Available data
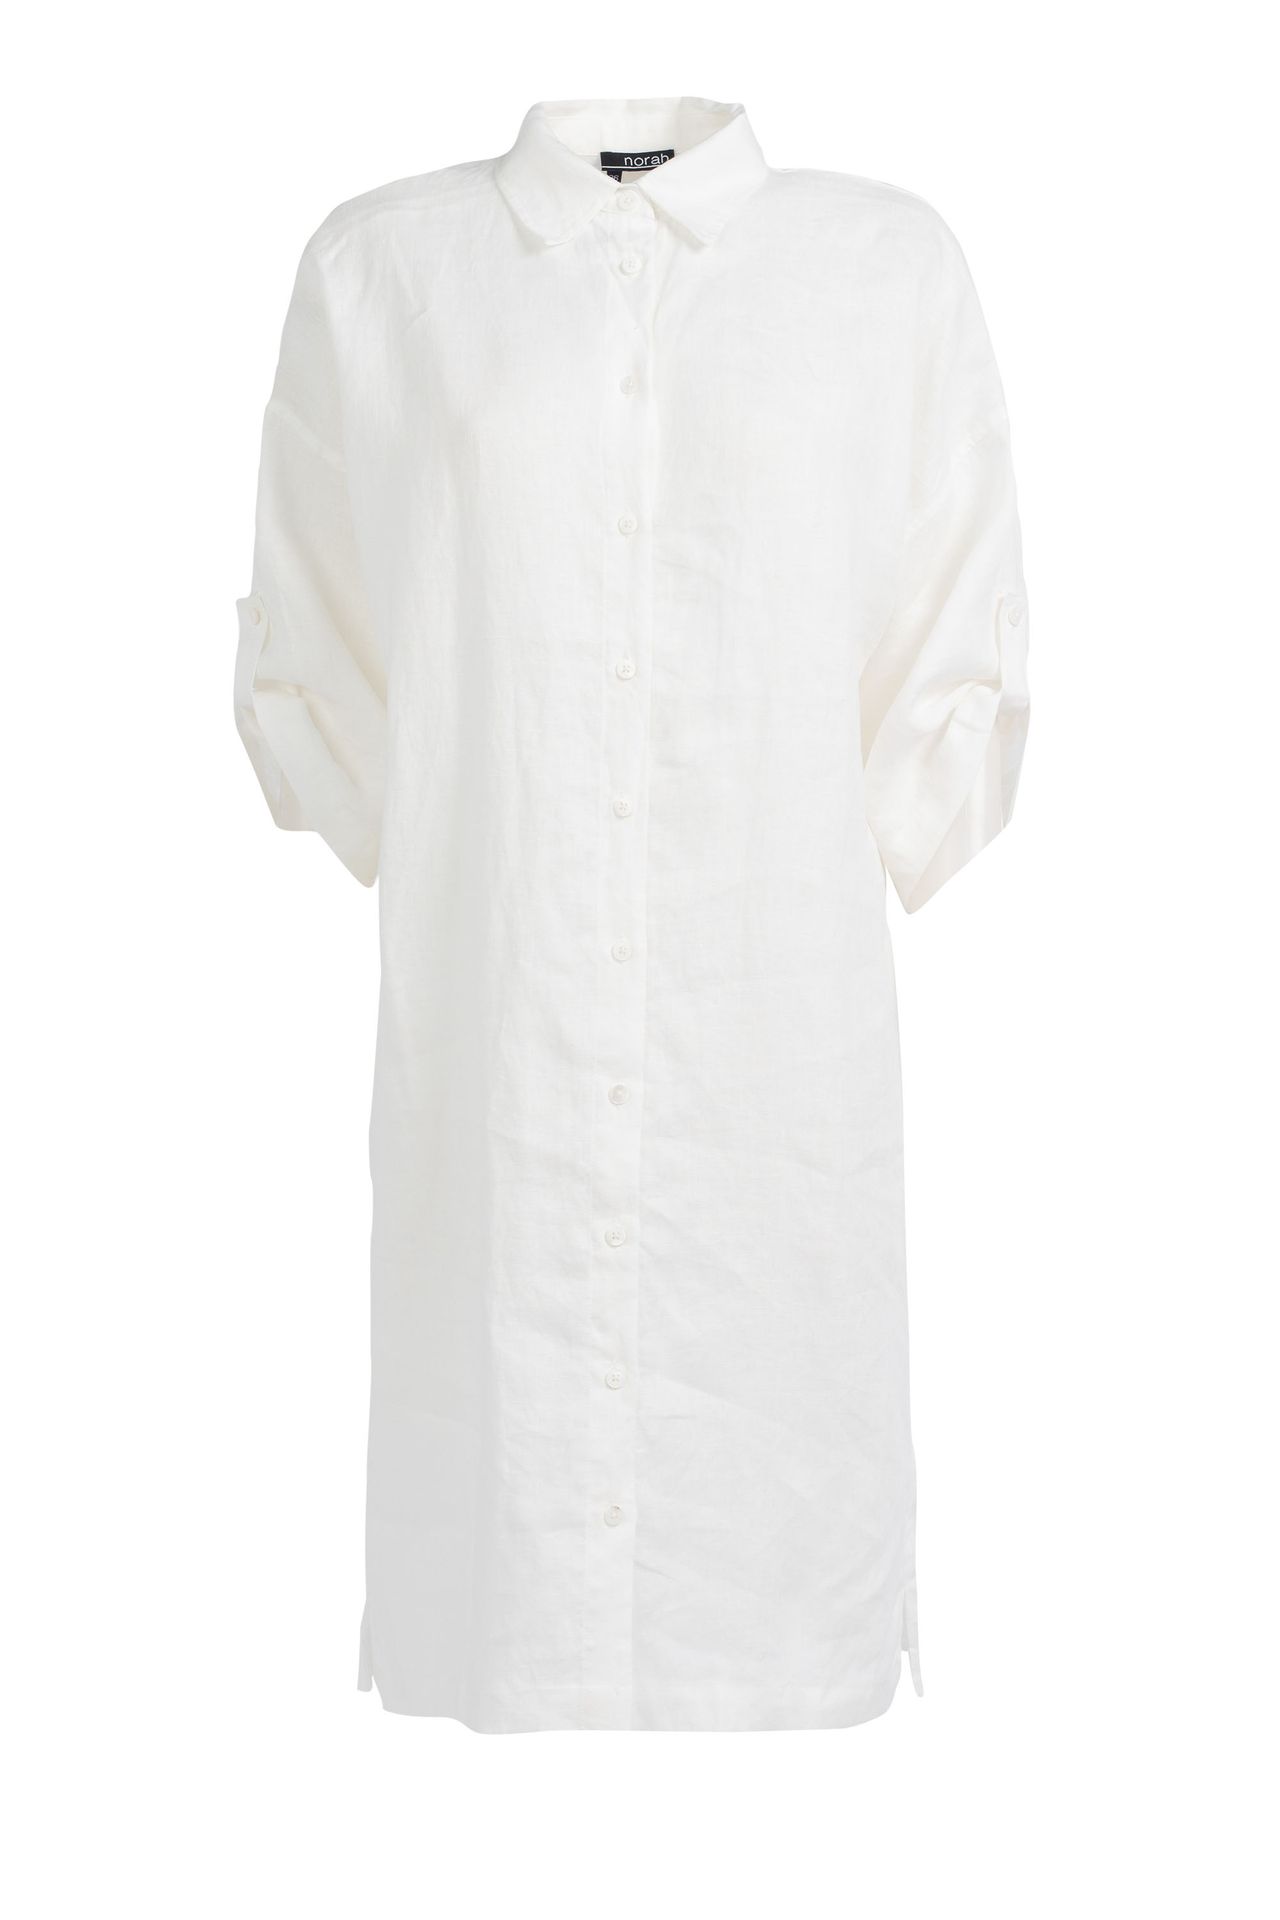 Norah Linnen blouse wit white 211589-100
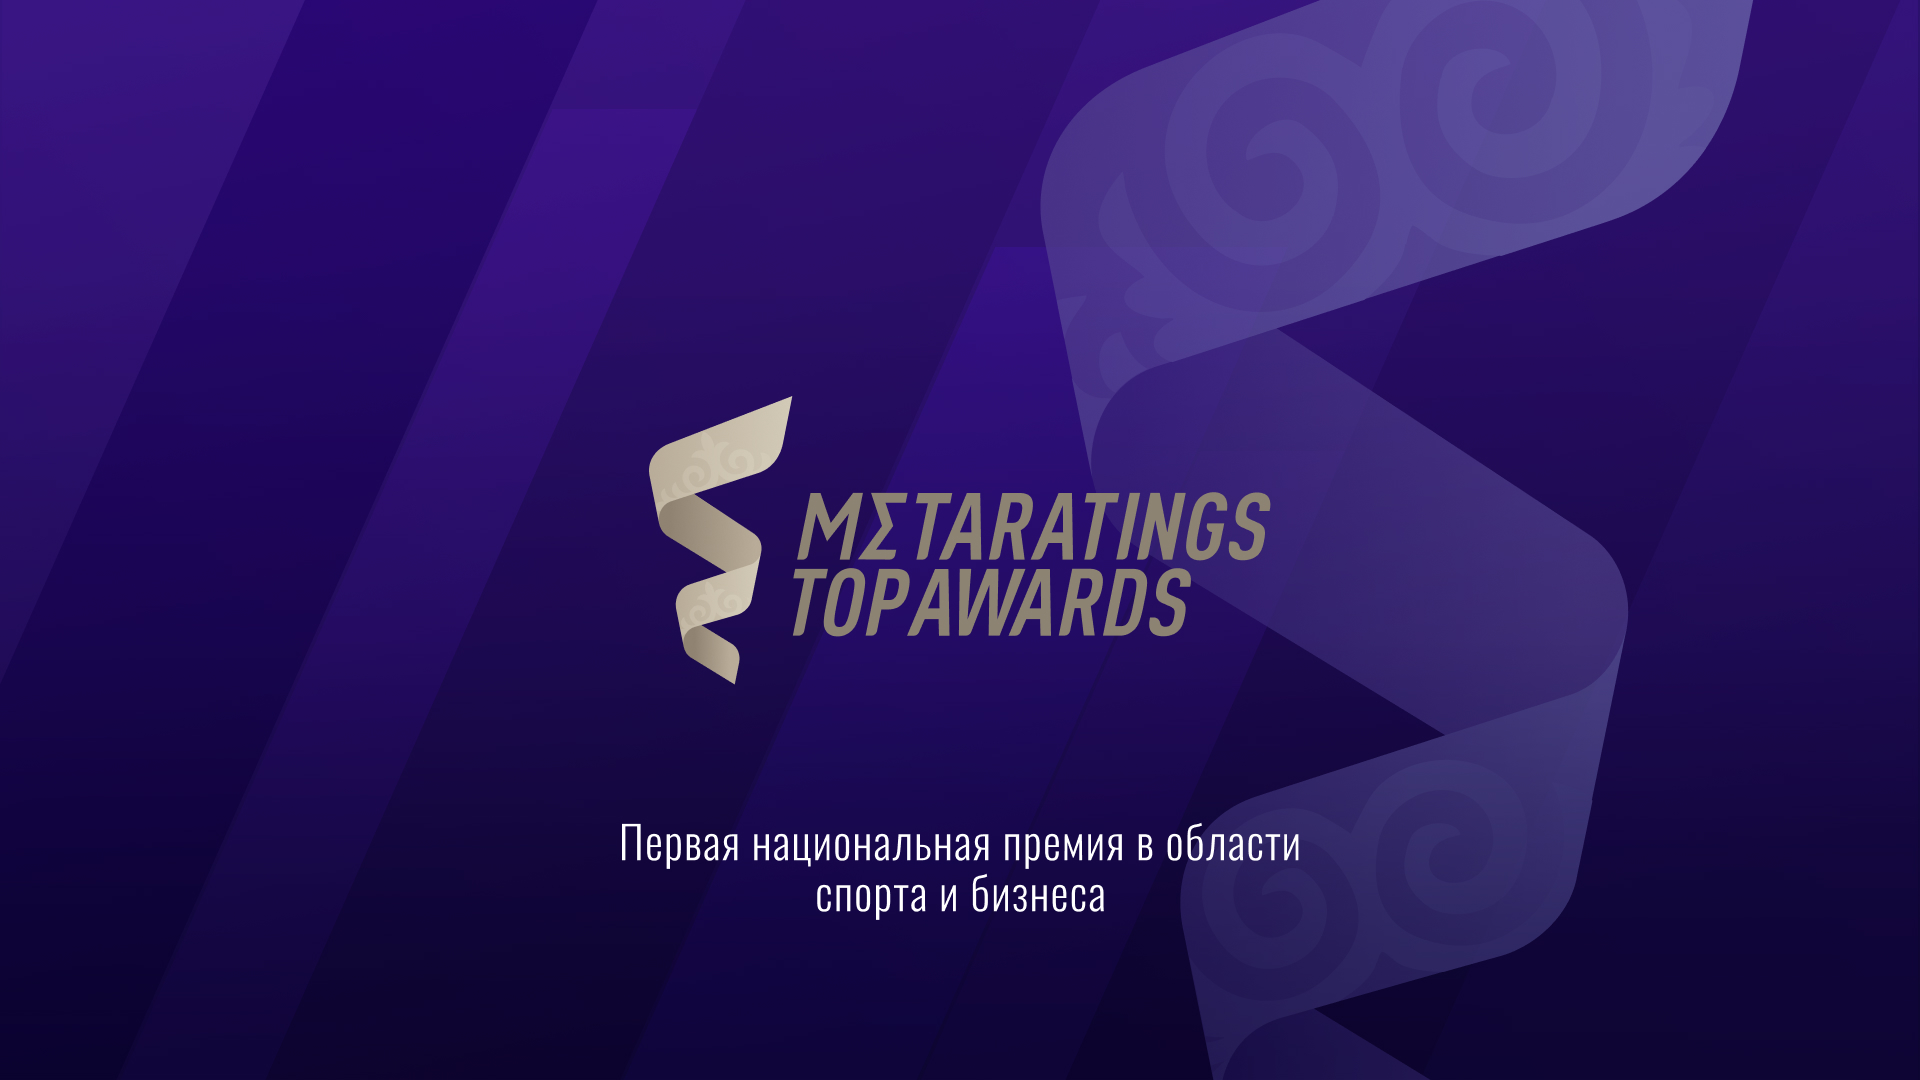 Стали известны победители спортивной премии Metaratings Top Awards в Казахстане
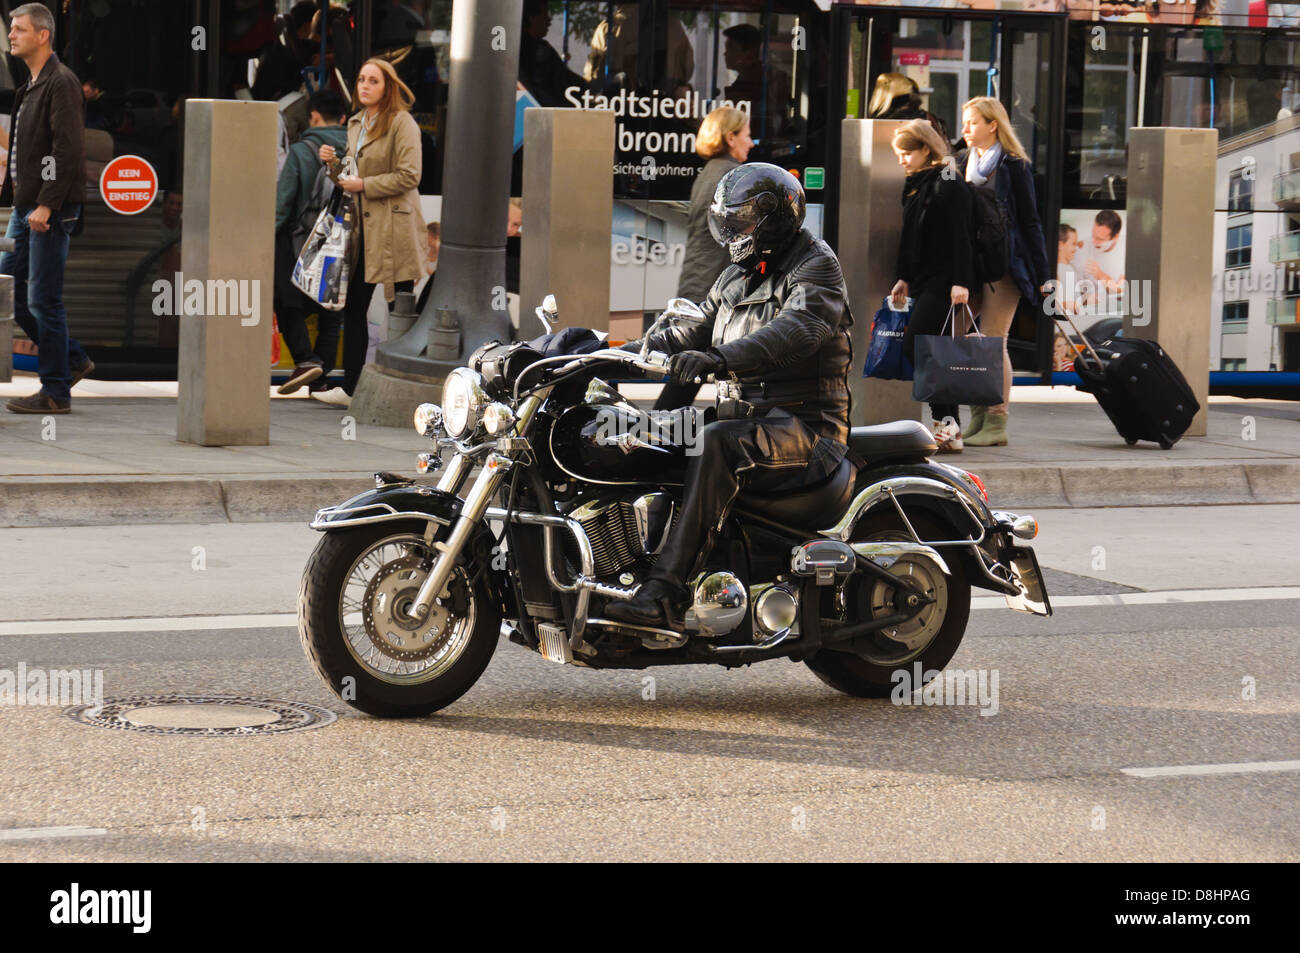 Biker in schwarz Motorradbekleidung und schwarzen Helm auf einem schweren  schwarzen Motorrad Kawasaki Vulcan – Heilbronn Deutschland Stockfotografie  - Alamy
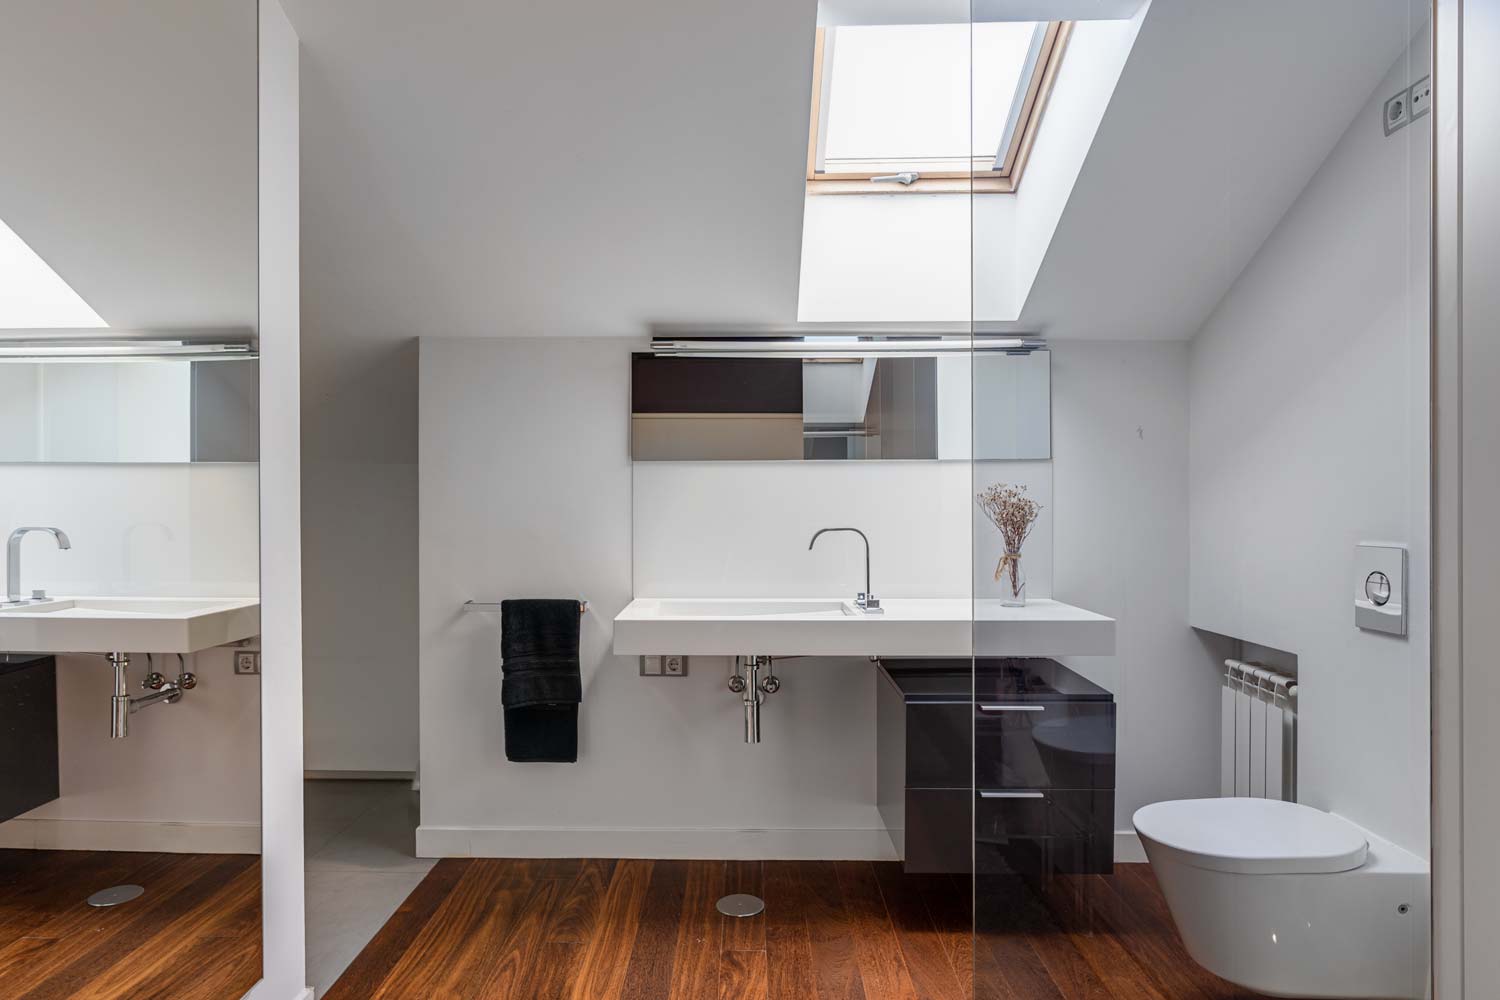 Vista general cuarto de baño planta alta vivienda unifamiliar Oleiros_lavabo y mueble suspendido con suelo de madera y mampara de vidrio

Task to carry out
Repeat the listing exactly, pictures excluded.

Solution to the exercise
 Norah Linnen blouse wit white 211589-100
 Стали известны победители спортивной премии Metaratings Top Awards в Казахстане
 Biker in schwarz Motorradbekleidung und schwarzen Helm auf einem schweren  schwarzen Motorrad Kawasaki Vulcan – Heilbronn Deutschland Stockfotografie  - Alamy
 Vista general cuarto de baño planta alta vivienda unifamiliar Oleiros_lavabo y mueble suspendido con suelo de madera y mampara de vidrio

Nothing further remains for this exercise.